Score = average(Standard 10-opt, Vision). Both Direct and CoT evaluated; higher reported — measures each model's ceiling. Human expert range: 73–85% (approximated from original MMMU data, adjusted for 10-option random penalty).
Vision penalty = Δ2 − Δ1. GPT-4o: −4.3%. VILA-1.5-40B: −21.8%. Reveals whether models process text and images as integrated information or as separate channels that break when text moves into the visual modality.
OCR accuracy (Levenshtein) 36.6%–92.3%. Weak correlation with Vision performance. LLaVA-OneVision-72B matched InternVL2-76B on OCR but diverged on reasoning. Proves the Vision setting tests cognitive integration, not text extraction.
CoT value proportional to problem decomposability. Tech & Eng: +14.5% (clear steps). Art & Design: +1.6% (interpretive). VILA-1.5-40B: −17.1% in Art & Design with CoT.
Principled three-step hardening with each step measured independently. Vision-only tests genuine novel capability. Delta decomposition reveals architectural differences. OCR-reasoning dissociation is clean and important. Same 30 subjects enables direct MMMU comparison.
Approximated human baseline — estimated, not measured. Vision-only assumption untested.
Construction circularity — GPT-4o generates distractors, Claude 3.5 Sonnet filters; both then evaluated.
No contamination analysis — inherits MMMU's vulnerability.
Uncontrolled vision variation — no analysis of presentation-confound effects.
Still MCQ-only — 10 options still allows elimination strategies.
Smaller scale — 1,730 vs. MMMU's 11,500. Limited per-subject power.
MMMU-Pro is methodologically rigorous. Its three-step approach is principled, its delta decomposition analytically valuable, and the OCR-reasoning dissociation a genuine contribution. The weaknesses are real but don't undermine the core finding: models were substantially gaming MMMU.
Six improvement vectors for MMMU-Pro, mapped against recent work (as of April 2026).
MMMU-Pro inherits MMMU's contamination vulnerability. 1,730 questions sourced from MMMU's public dataset; test answers released February 2026. No contamination detection or dynamic refresh in the MMMU family. Models like GPT-5 and Gemini 3 Pro explicitly cite MMMU-Pro, increasing contamination incentives.
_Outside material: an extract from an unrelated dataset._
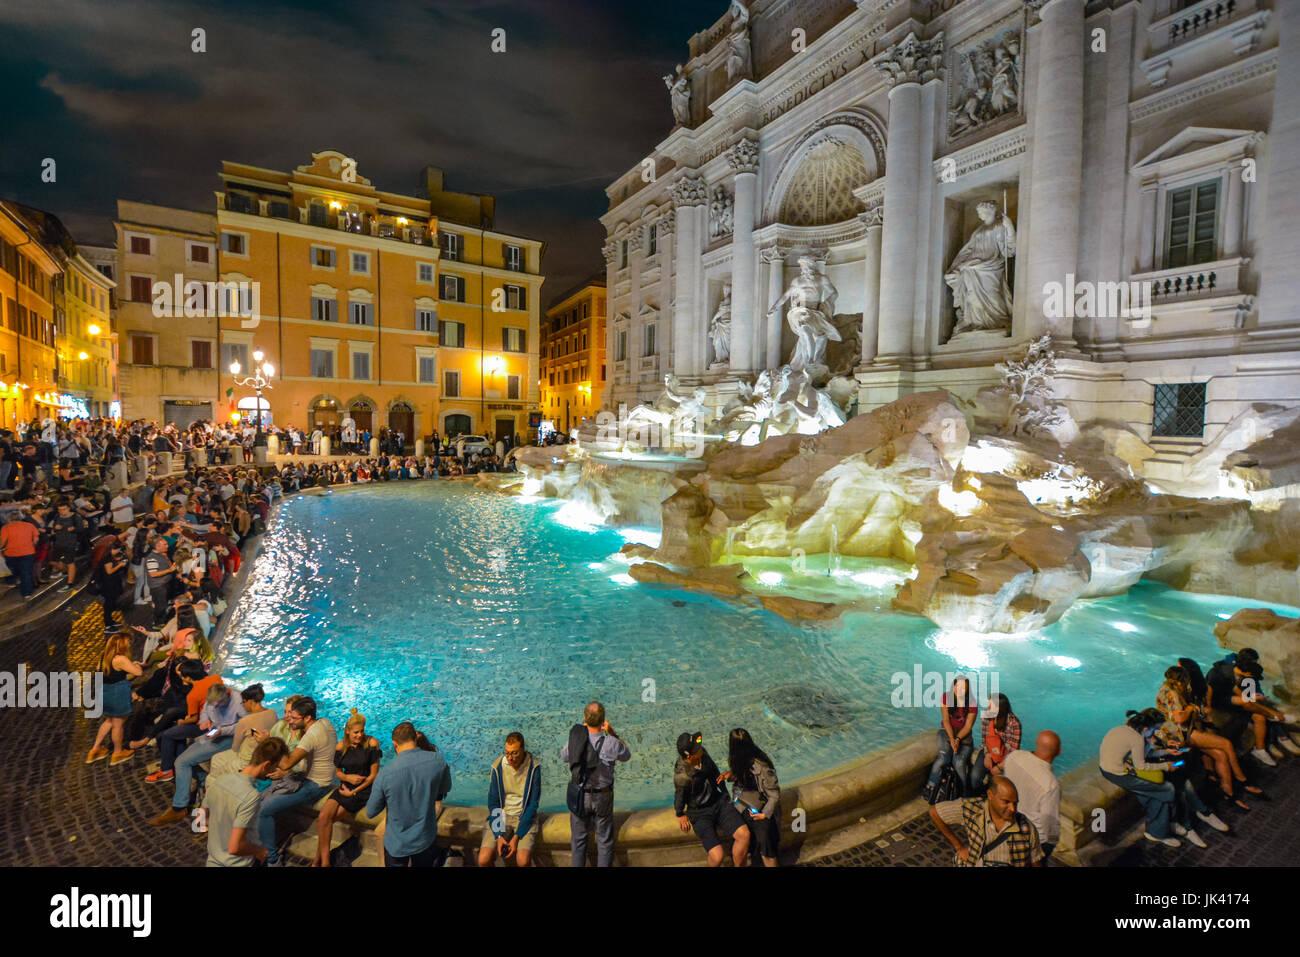 Der Trevi-Brunnen in Rom Italien beleuchtet bunt am Abend mit Touristen rund um es an einem warmen Sommerabend. Stockbild

Human expert baseline approximated from original MMMU data, not measured on MMMU-Pro itself. The vision-only assumption is untested. Running actual experts on even a subset would validate the approximation. No one has done this.
Top models score ~81% (GPT-5.4, Gemini 3 Pro) vs. estimated human ceiling of 80–85%. Models converging rapidly. MMMU-Pro restored headroom vs. original MMMU but may approach saturation within a year without further hardening or transition to open-ended evaluation.
Still MCQ-only. Uni-MMMU (Oct 2025) introduces bidirectional understand+generate tasks across the same 30 subjects — strongest move toward open-ended evaluation in the MMMU family, but a separate benchmark.
Manual screenshots introduce natural but uncontrolled variation. No analysis of how performance varies across different renderings of the same question (dark vs. light backgrounds, serif vs. sans-serif, different resolutions). A systematic study would determine whether presentation confounds affect reliability.
GPT-4o generates distractors; Claude 3.5 Sonnet filters. Both evaluated. No analysis of whether construction-involved models are systematically advantaged or disadvantaged.
| Improvement vector | Status | Key work |
|---|---|---|
| Contamination resistance | Area to explore | No dynamic refresh in MMMU family |
| Empirical human evaluation | Area to explore | Only approximated, never measured |
| Saturation trajectory | Partially addressed | Headroom exists but models converging ~81% |
| Open-ended evaluation | Partially addressed | Uni-MMMU (separate benchmark) |
| Vision-only variation | Area to explore | No presentation-confound study |
| Construction circularity | Area to explore | No bias analysis for involved models |
MMMU-Pro is the current gold standard for expert multimodal evaluation. It successfully hardened MMMU's weaknesses and remains a meaningful discriminator. The biggest unresolved gaps: contamination resistance and empirical human validation. The single highest-impact experiment: run actual human experts on MMMU-Pro.